"A hundred years from now," Paul McCartney told the press in 1992, "people will listen to the music of The Beatles the same way we listen to Mozart." The Beatles, comprised of John, Paul, George and Ringo, "were more than a group. They were a cultural phenomenon." Mark Lapidos made the point in 1979, "They were the most important social event of the (20th) century. The music is the most important thing. But it's more than music. It's a whole feeling of being at a certain place at a certain time." 

The time was the 1960s. It was a decade of musical revolt. Milton Okun recalled, "In the '60s, this new generation of writers overturned the commercial restraints on subject matter and taste, and created an art form that is one of the most important cultural revolutions in history." Tommy Roe remembered, "Among all the protest songs and psychedelic rock, I made hit records (such as 'Dizzy' and 'Sweet Pea'). What I did was the exact opposite of what was going on in the ‘60s with hippies, everyone dropping out and all that.

"I used to get really upset when they said the songs I made were bubblegum but I realized I had a knack for writing 3-minute formula songs. I admit that. It was like selling a bar of soap. I wrote for the market. That was my business. I made a lot of money doing that." By 1981, Sir Cliff Richard told Lennox Samuels, "I'm happy there are bands that think that way (of finding the perfect 3-minute pop song).
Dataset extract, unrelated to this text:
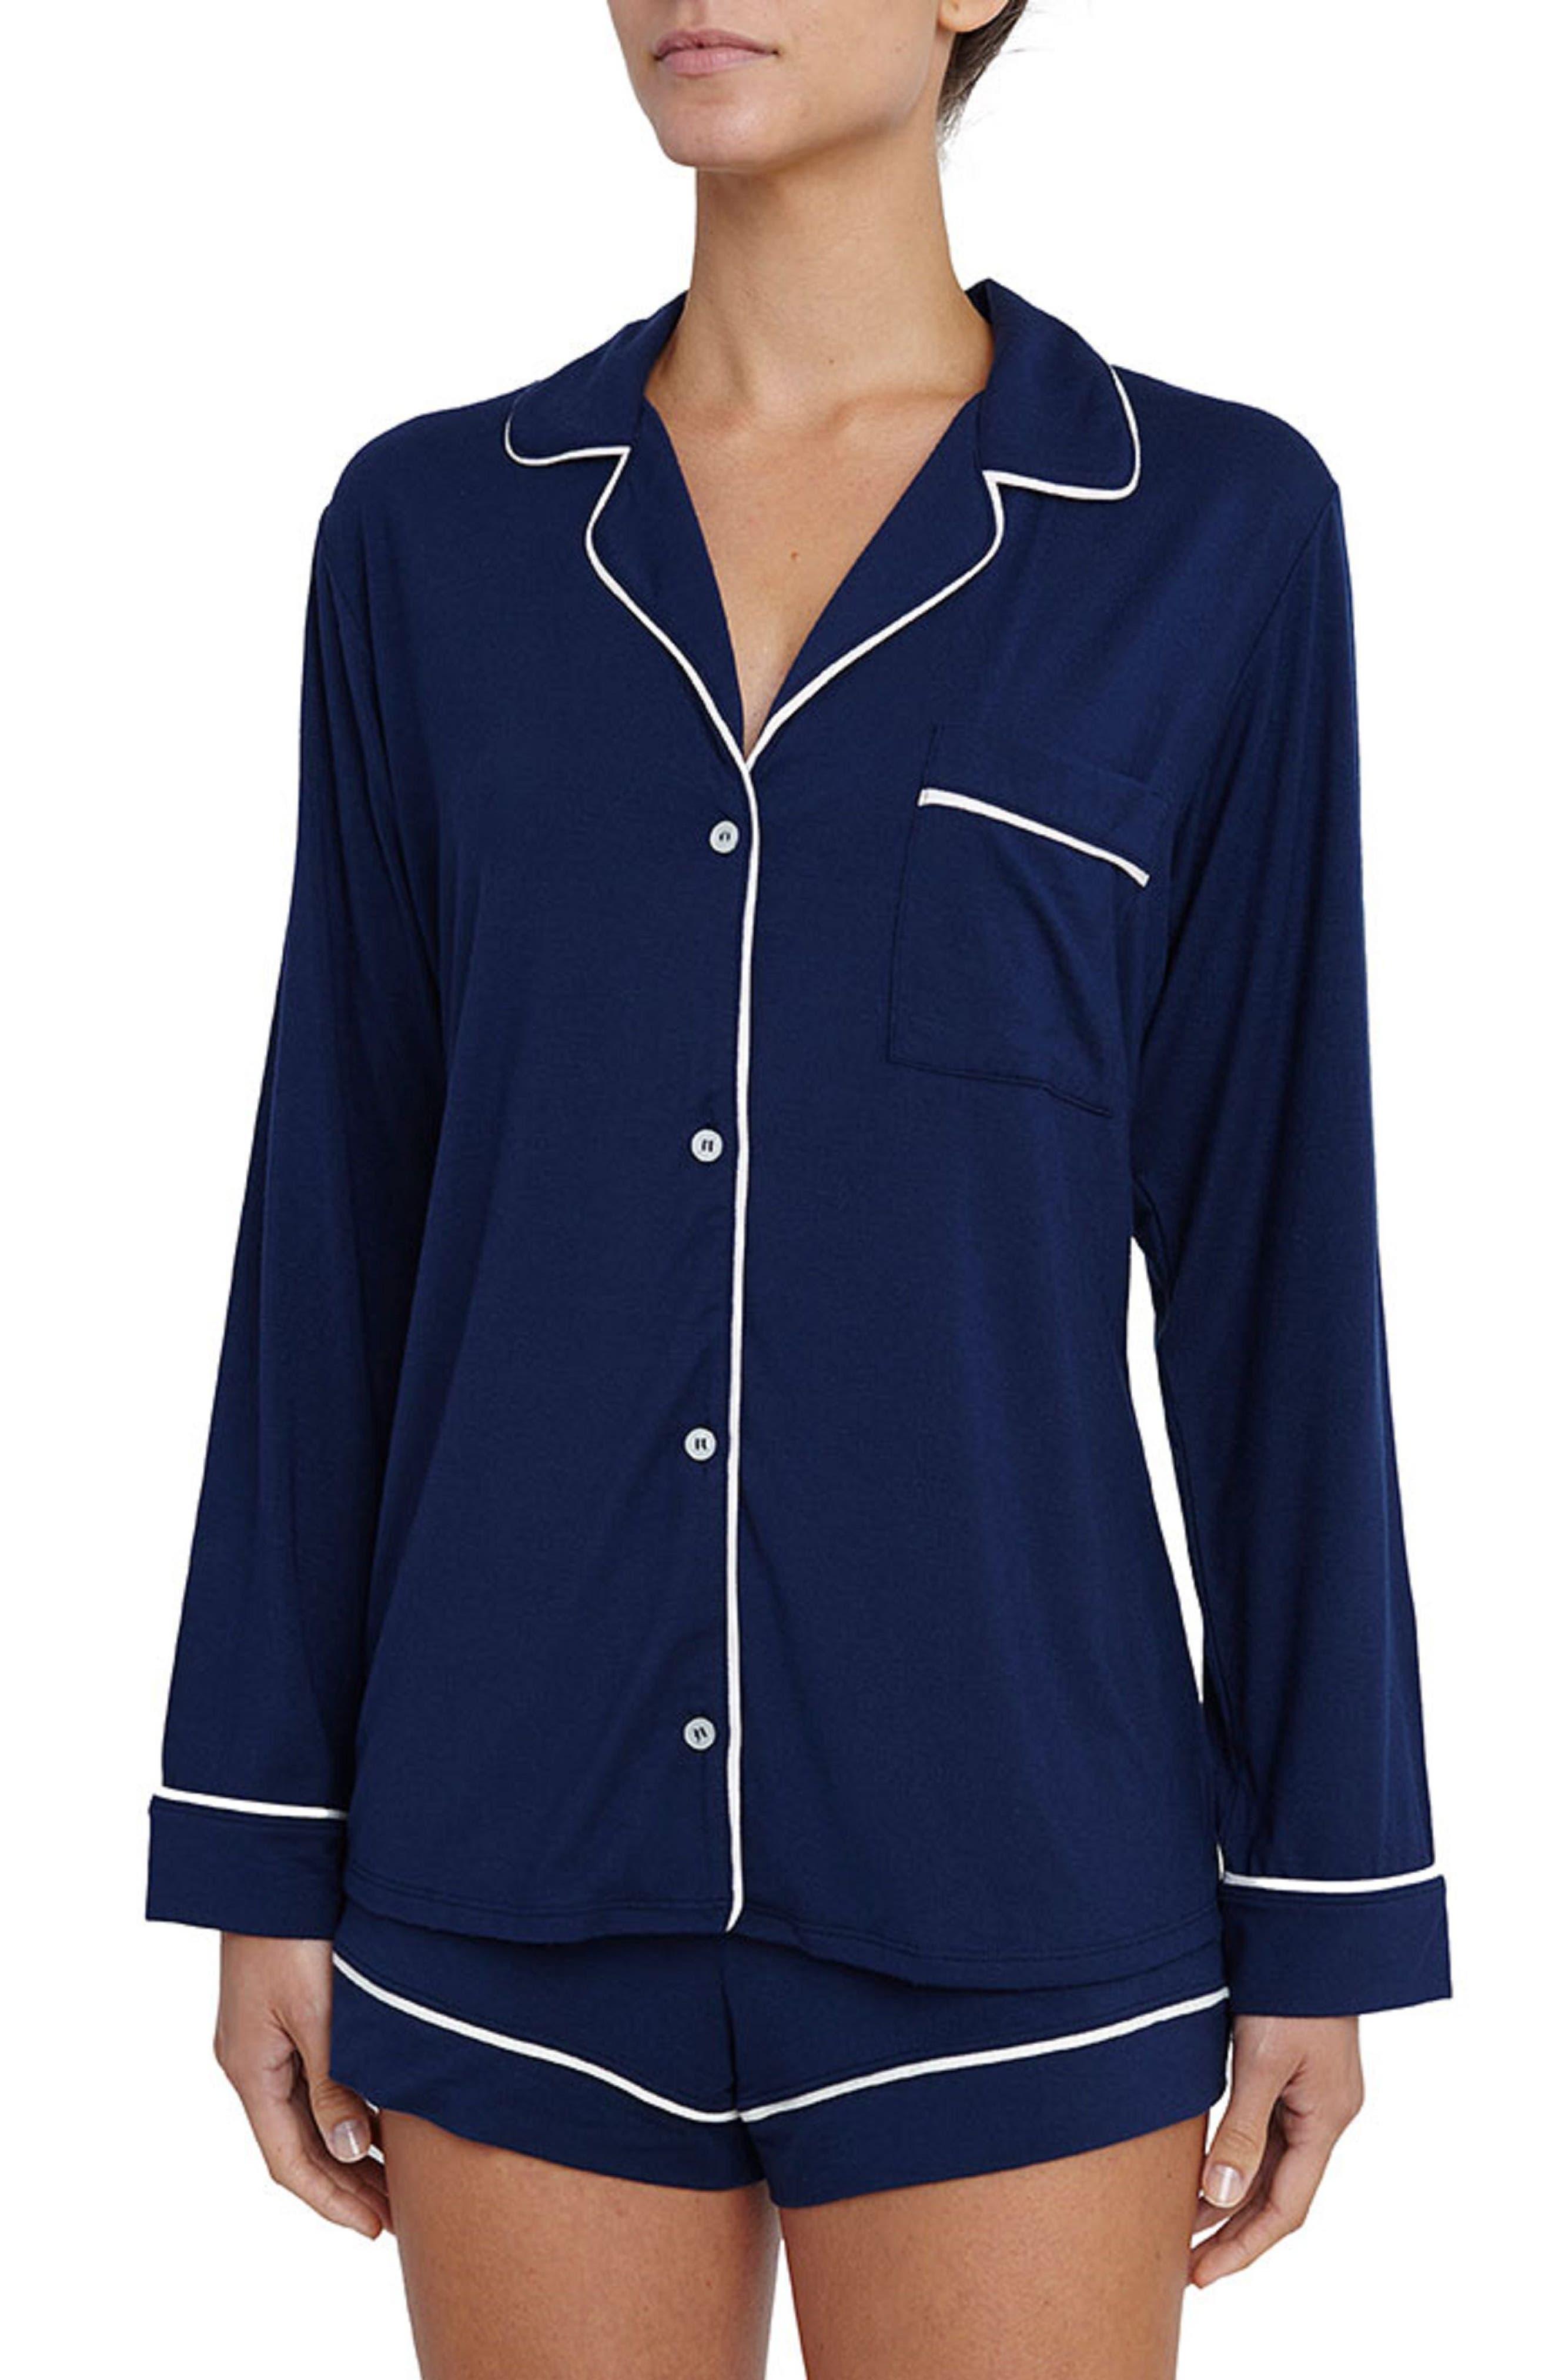 'Gisele' Short Pajamas,                         Main,                         color, 401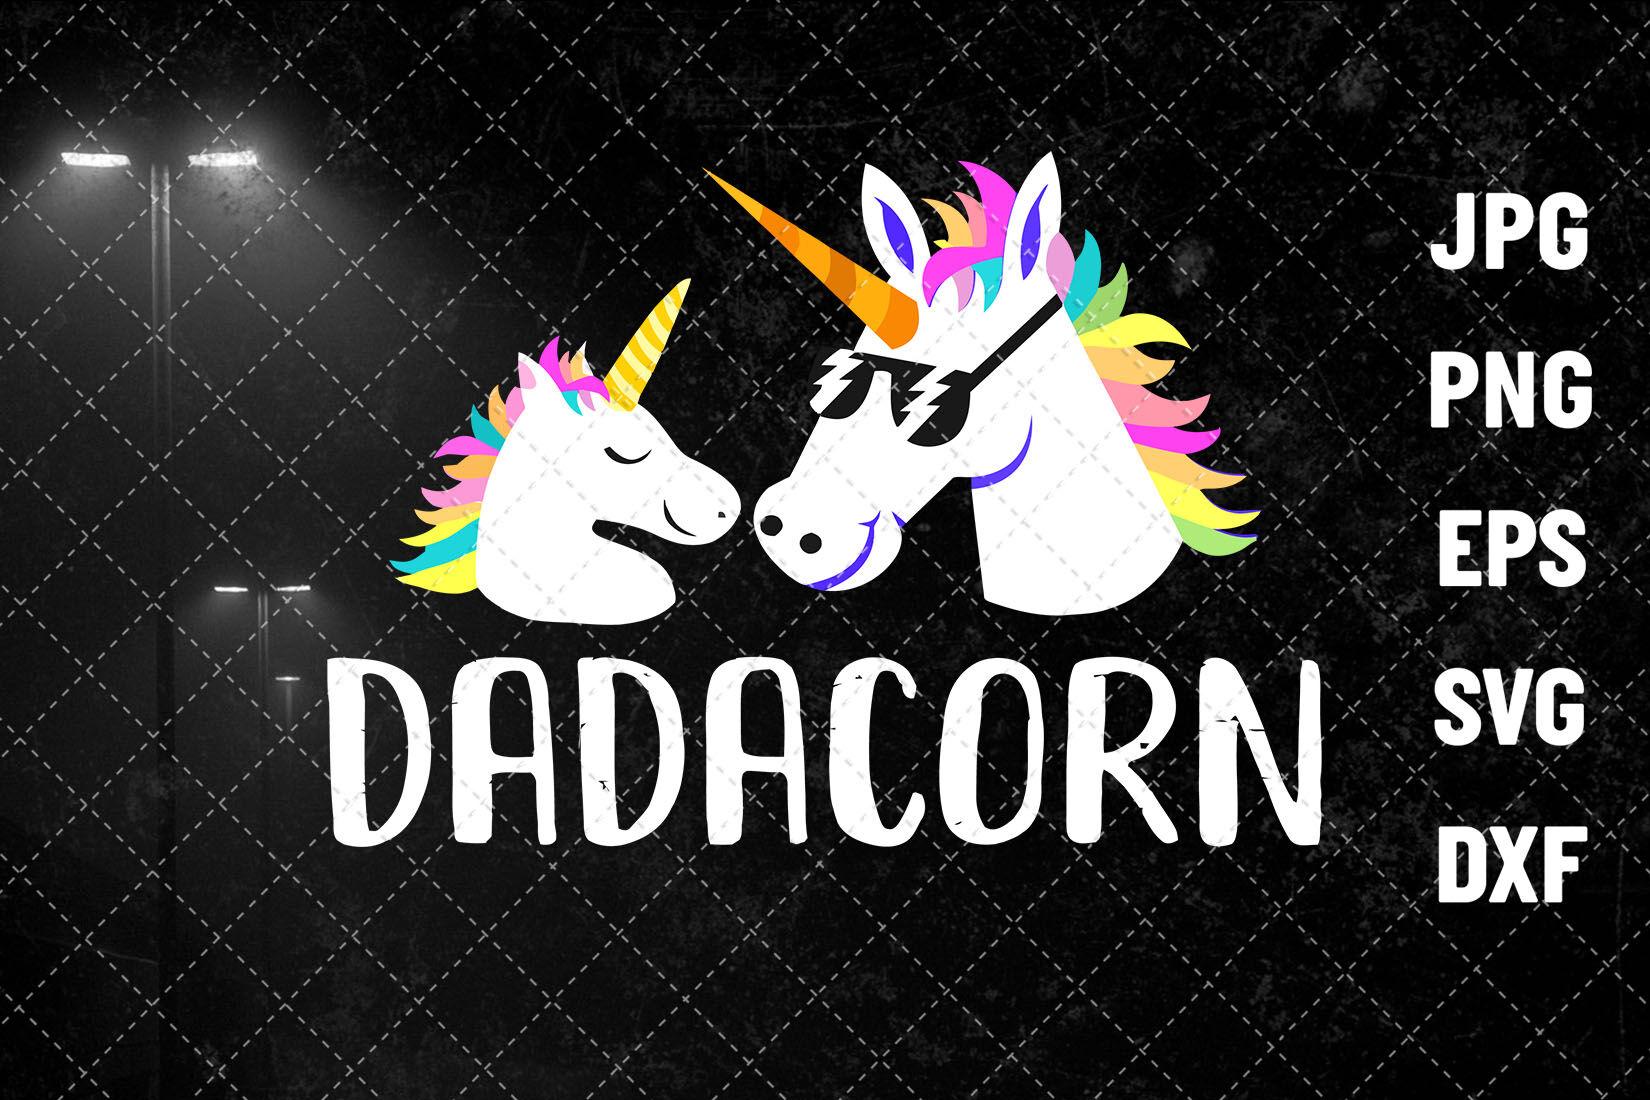 Dadacorn Svg Unicorn Svg Unicorn Lover I Believe In Unicorn By

If you can't do it in 3 minutes, I’m almost inclined to say you shouldn't be attempting it at all." 

Mark Hertsgaard told Ron Hayes of 'Palm Beach Post' in 1995, "I believe The Beatles will be remembered as some of the most important artists of the (20th) century, ranked up there in terms of influence and artistic accomplishment with people like Picasso and Hemingway. What makes their music so special is that they were simple without being simplistic, and sophisticated without being obscure. And that's not easy." 

Tim Riley wrote the 1988 book, 'Tell Me Why' argued, "We think if a song is popular, it can’t be artistically rich, and if it's artistically rich, it shouldn't be popular. So when a phenomenon like The Beatles emerges, and quality and commerce commingle, we reach to comparisons with Mozart to try to do them justice." It was for that reason, "It's preposterous to say that in 100 years people will listen to Mozart, just as it's preposterous to say we read F. Scott Fitzgerald the same way we read Shakespeare. F. Scott Fitzgerald is making no claims to being Shakespeare, but he can tell us certain things about how it feels to be alive in 20th century America that you'll never get from Shakespeare." 

Glenn Gass taught music believed, "The Beatles created a whole new level for people to strive for, just as Beethoven did and the way he (Beethoven) cast a shadow over the whole 19th century, they (The Beatles) did over everything that's come since the 1960s. No one captures the spirit of the '60s more, and no one has transcended their time better than The Beatles." 

Geoff Baker told the Associate Press in 2000, "Since The Beatles split up (in 1970), everybody has gone around wondering who would be bigger than The Beatles. It turns out that the only band to be bigger than The Beatles is The Beatles. They appear to be bigger than they were in the 1960s, even though they are a non-functioning band." 

The Beatles reportedly created a sensation everywhere they performed in the United States in 1964.  It was mentioned, "During the middle and late 1960s, The Beatles helped to give rock music a new direction. Most earlier rock music has been based primarily on a strong beat, but The Beatles' music contained a new sense of melody. Their chord progressions were also more complex and the lyrics of their songs were more imaginative and meaningful."

In 1966, radio stations tried to ban The Beatles when John Lennon made a "sacrilegious remark" that "There is no doubt The Beatles are more popular than Jesus Christ in some people's minds." Rev Harold Craw from the First Congregational Church reassured the press, "The honesty of The Beatles will help Christianity. Whereas if The Beatles were suppressed, Christianity would suffer most." George Harrison stated in 1974, "In regards to causes and charities, it's up to each individual to do what he can. I can do it through music. But I've found in the past that it's hard to give money away . . . I can generate money, but it's a different thing trying to get it to whom it's intended for."